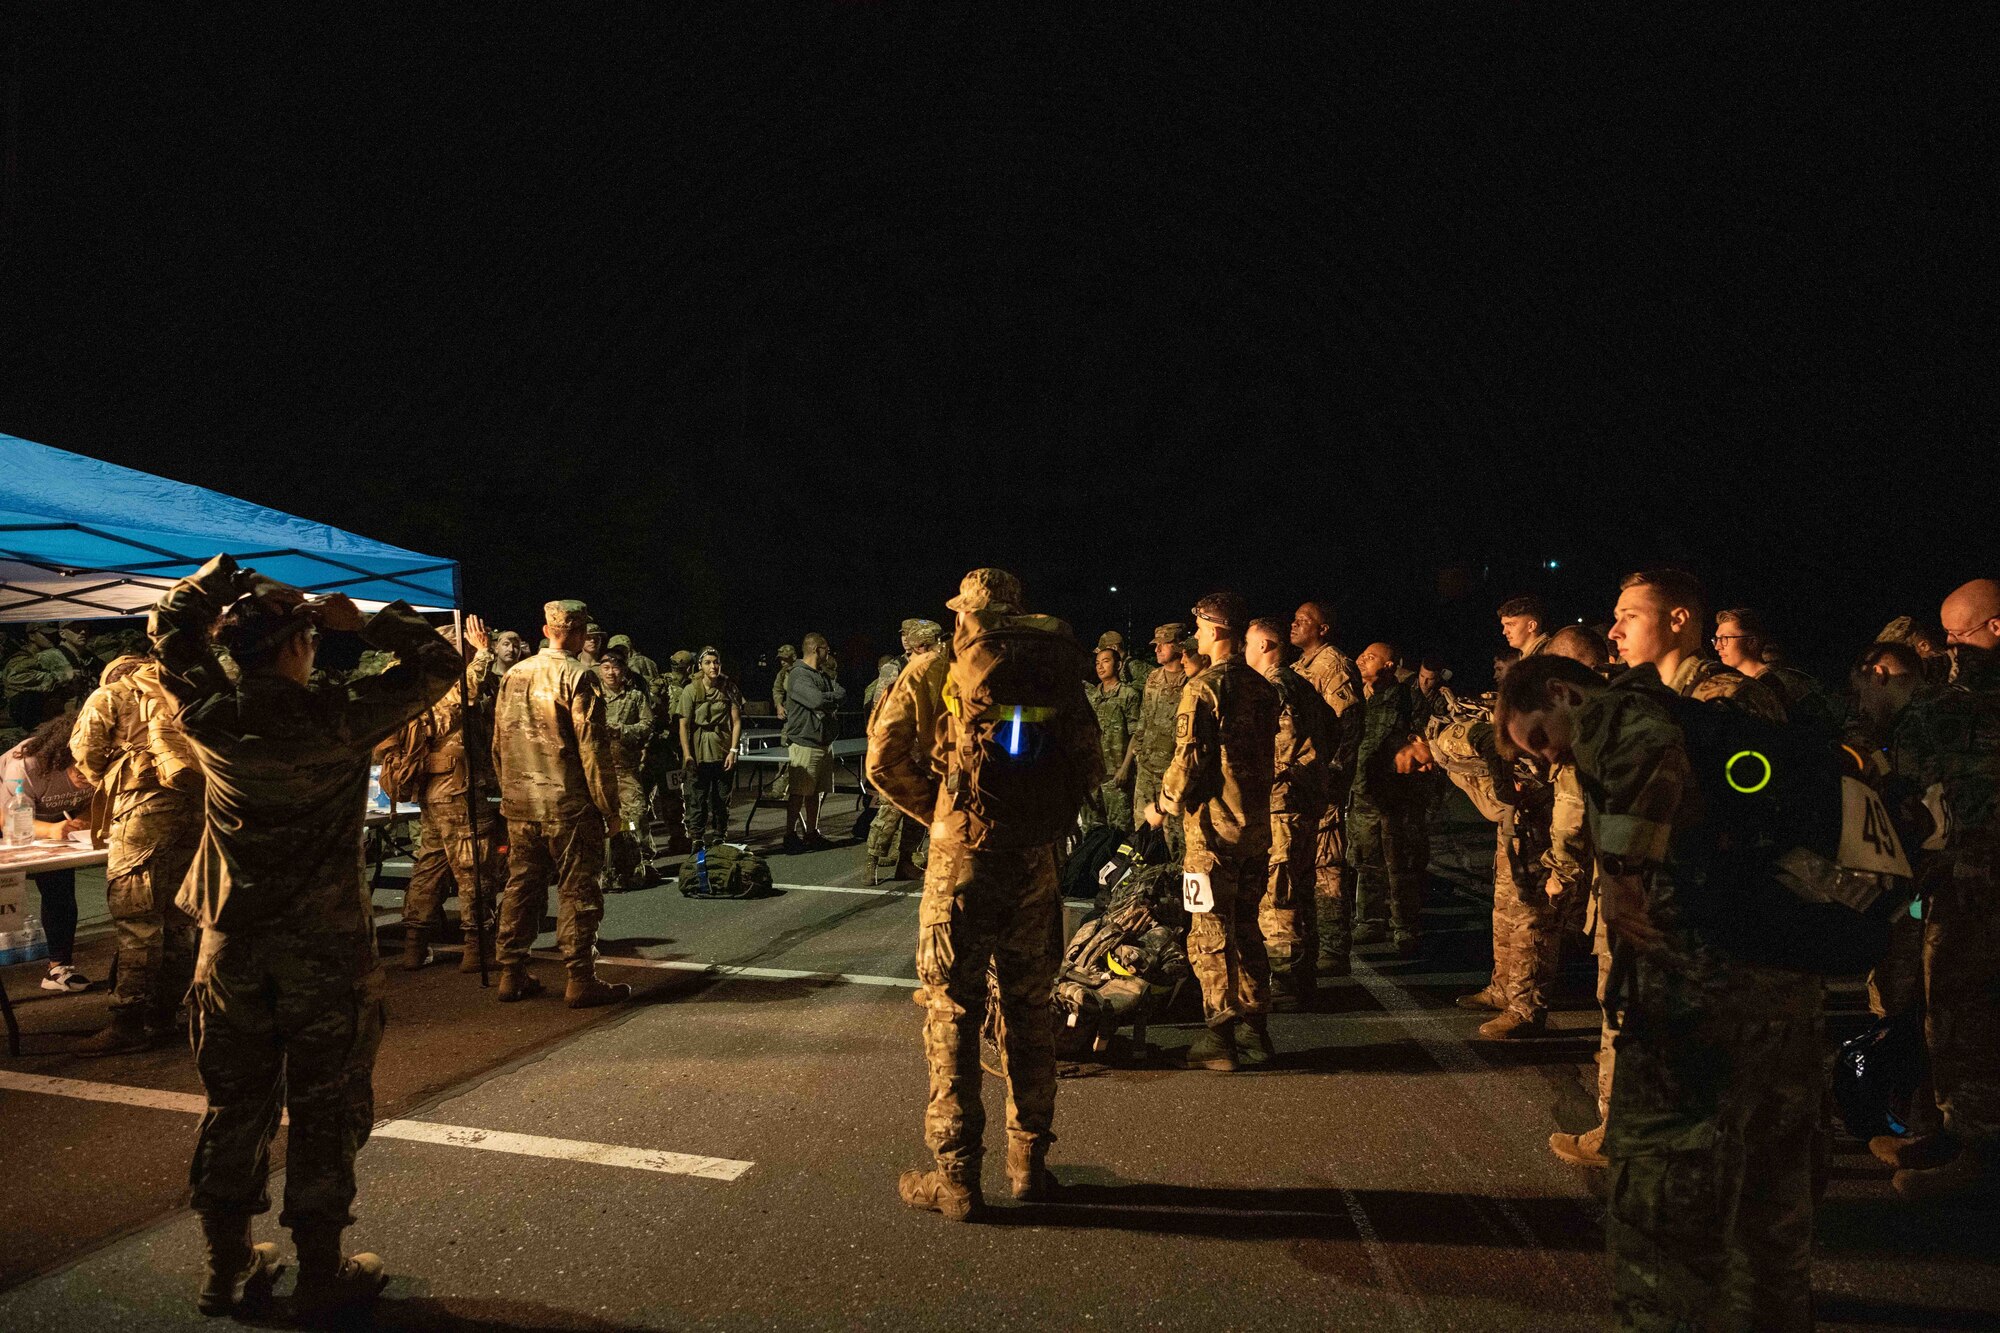 Members of Team Misawa listen to the back story and the importance of the Norwegian Foot March before starting the march at Misawa Air Base, Japan, June 25, 2022.
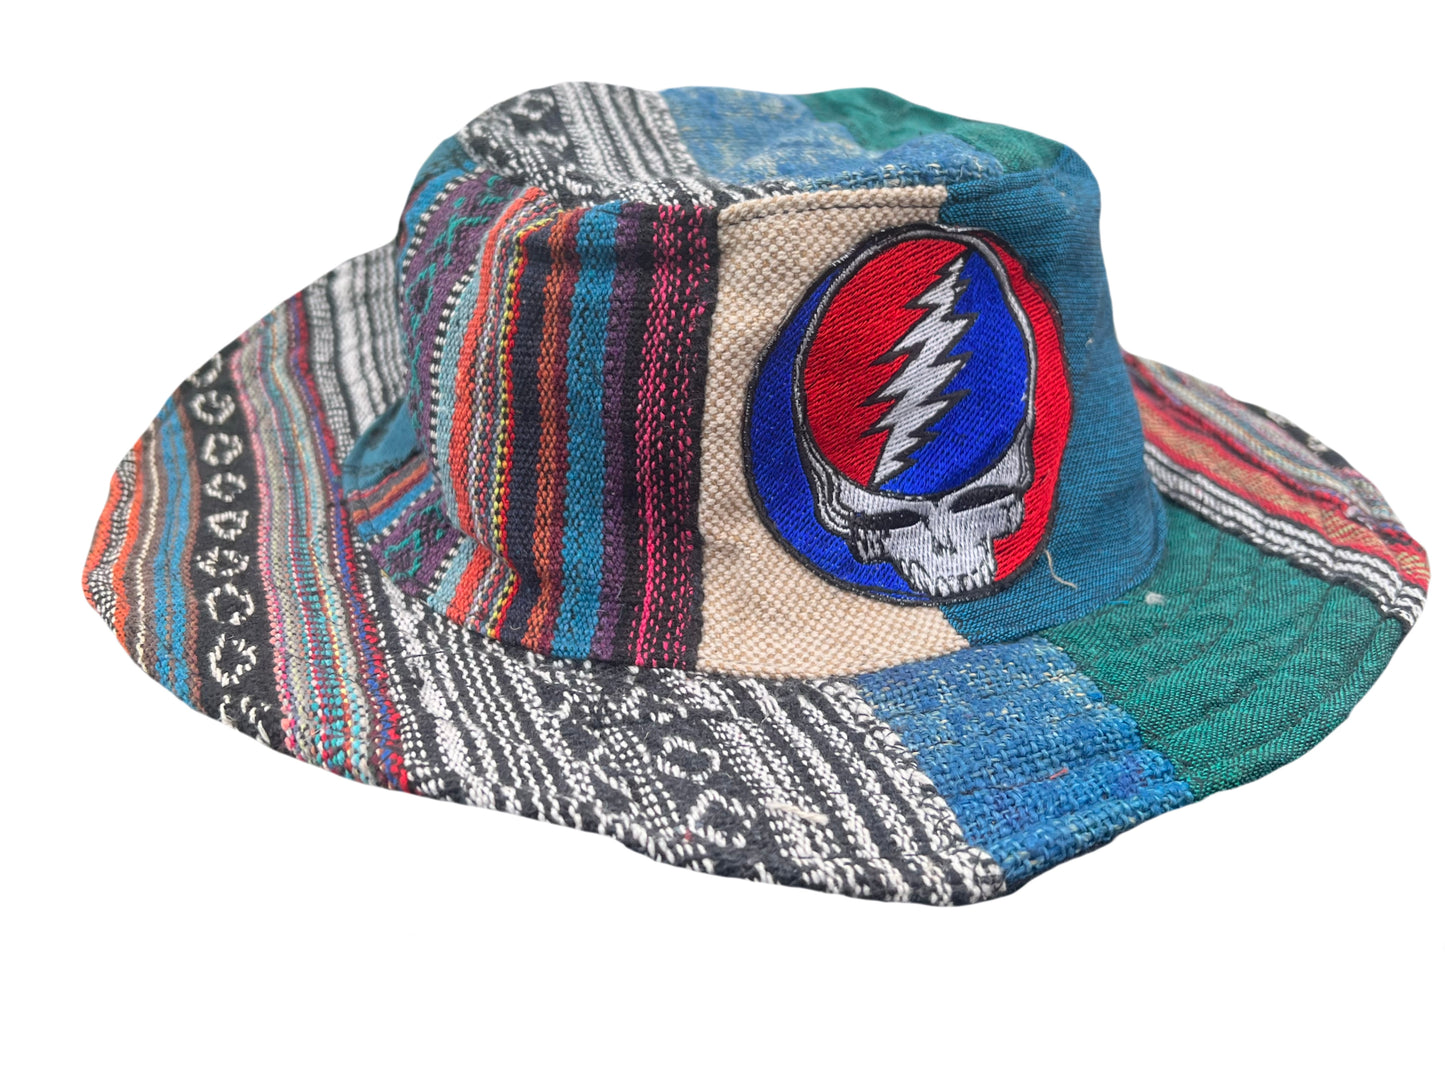 Steal Your Face hemp hat
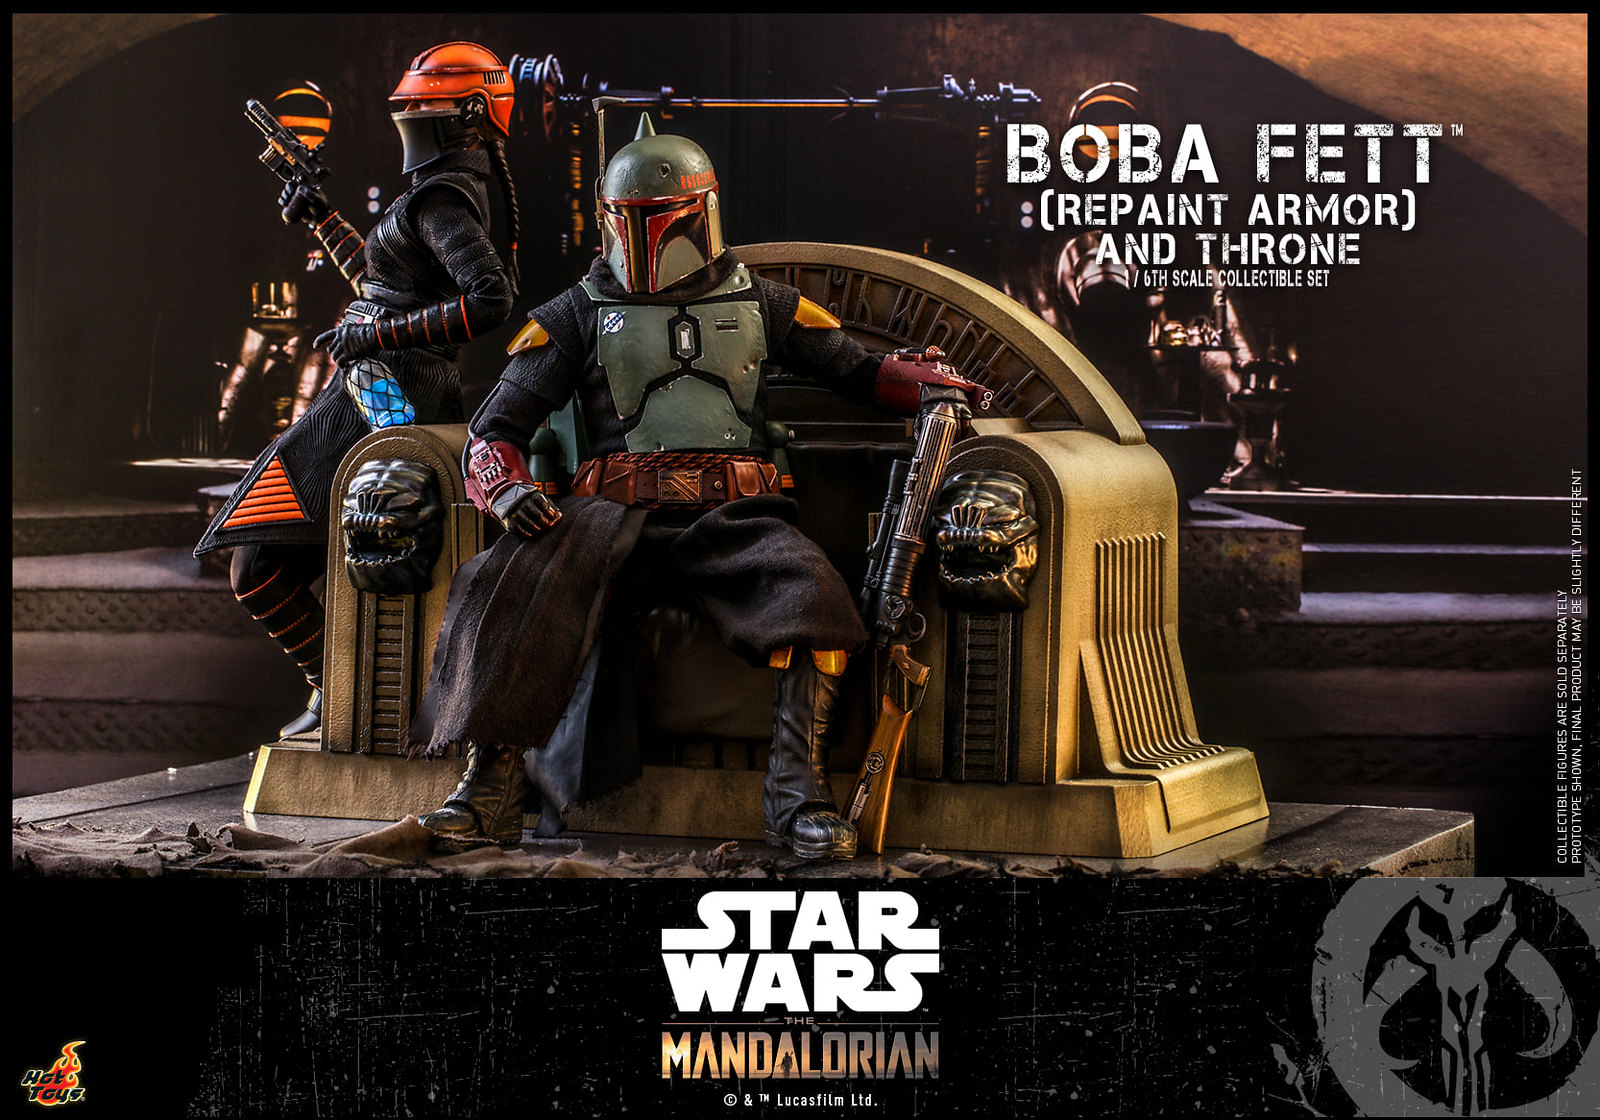 Star Wars: The Mandalorian™ - 1/6th scale Boba Fett™ (Repaint Armor) Collectible figure/ figure and Throne Collectible Set 51310549392_56263186e1_h
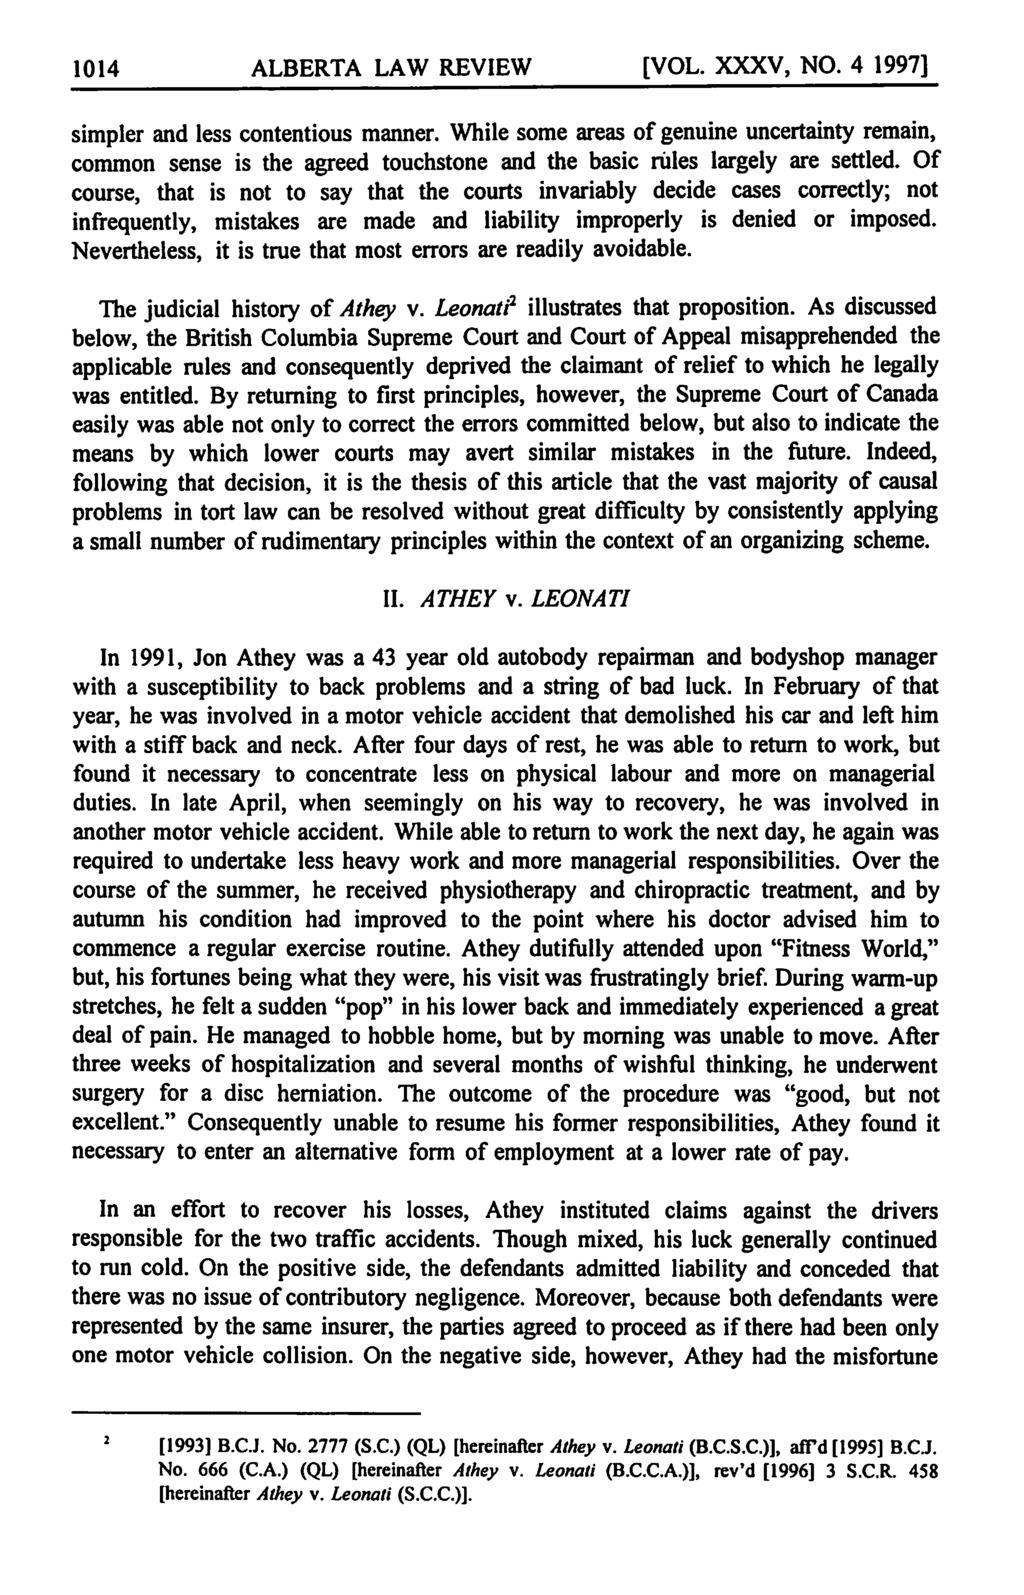 1014 ALBERTA LAW REVIEW [VOL. XXXV, NO. 4 1997) simpler and less contentious manner.

### TASK REQUIREMENTS
Your copy must start at the line that holds "Steal Your Face hemp hat" and end at the last line of the data, both included; it must contain no pictures.

### REPLY TO THE EXERCISE
 Steal Your Face hemp hat
 Star Wars: The Mandalorian™ - 1/6th scale Boba Fett™ (Repaint Armor) Collectible figure/ figure and Throne Collectible Set 51310549392_56263186e1_h
 1014 ALBERTA LAW REVIEW [VOL. XXXV, NO. 4 1997) simpler and less contentious manner.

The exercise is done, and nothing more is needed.